» **Task to complete**:
Please give back the listing below word for word, without the images.

** Given information follows **

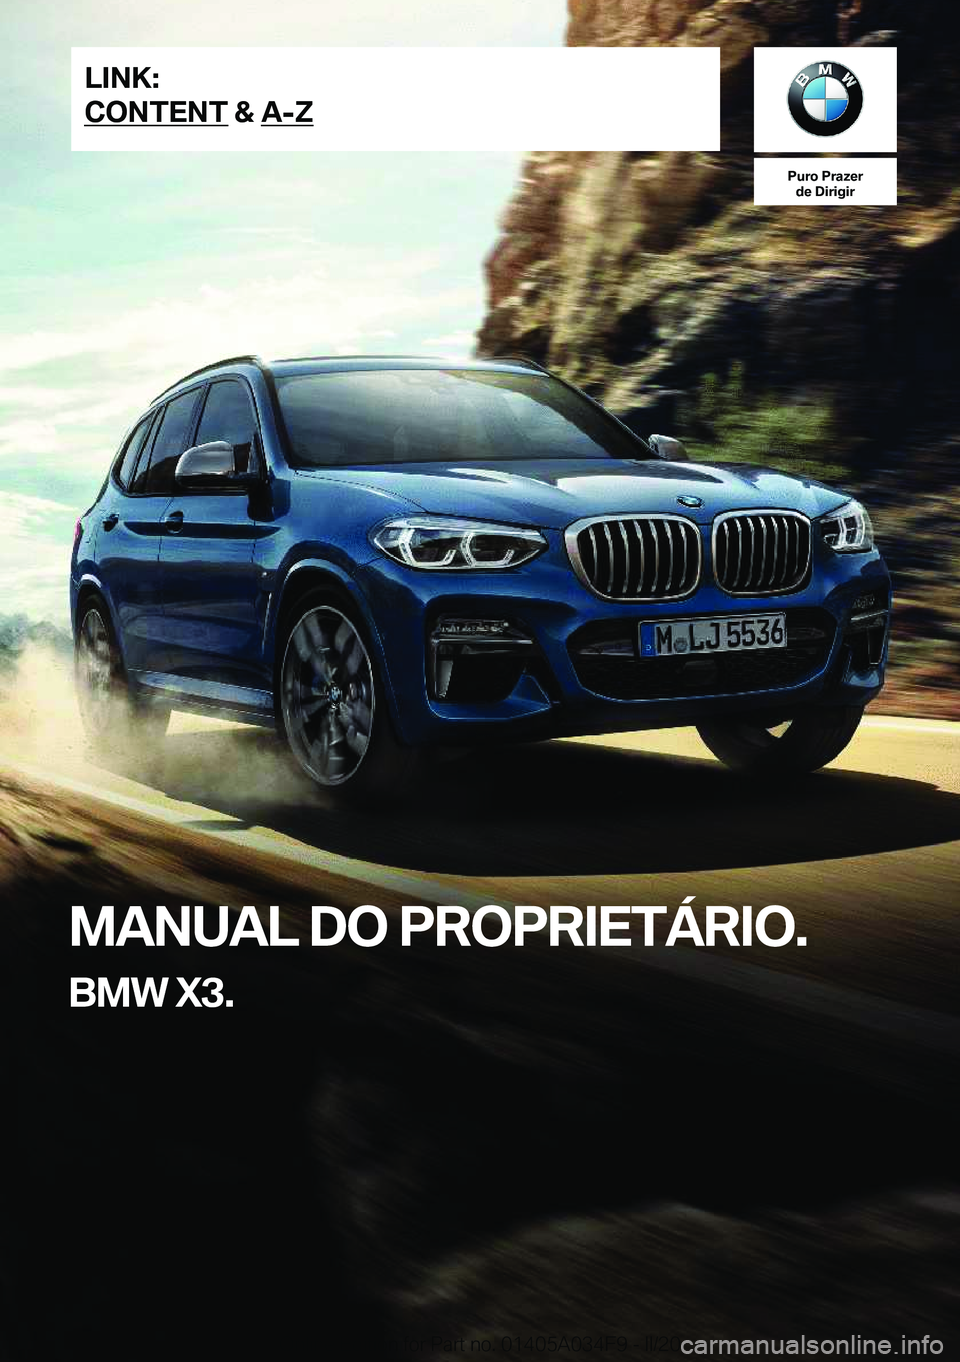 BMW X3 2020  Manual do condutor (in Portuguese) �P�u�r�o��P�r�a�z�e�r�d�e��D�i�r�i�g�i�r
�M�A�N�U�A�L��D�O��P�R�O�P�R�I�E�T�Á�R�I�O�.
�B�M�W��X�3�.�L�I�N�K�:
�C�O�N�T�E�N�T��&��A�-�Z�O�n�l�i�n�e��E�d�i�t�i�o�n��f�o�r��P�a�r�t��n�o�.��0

** End of Given information **

» **Result of this task**:
 BMW X3 2020  Manual do condutor (in Portuguese) �P�u�r�o��P�r�a�z�e�r�d�e��D�i�r�i�g�i�r
�M�A�N�U�A�L��D�O��P�R�O�P�R�I�E�T�Á�R�I�O�.
�B�M�W��X�3�.�L�I�N�K�:
�C�O�N�T�E�N�T��&��A�-�Z�O�n�l�i�n�e��E�d�i�t�i�o�n��f�o�r��P�a�r�t��n�o�.��0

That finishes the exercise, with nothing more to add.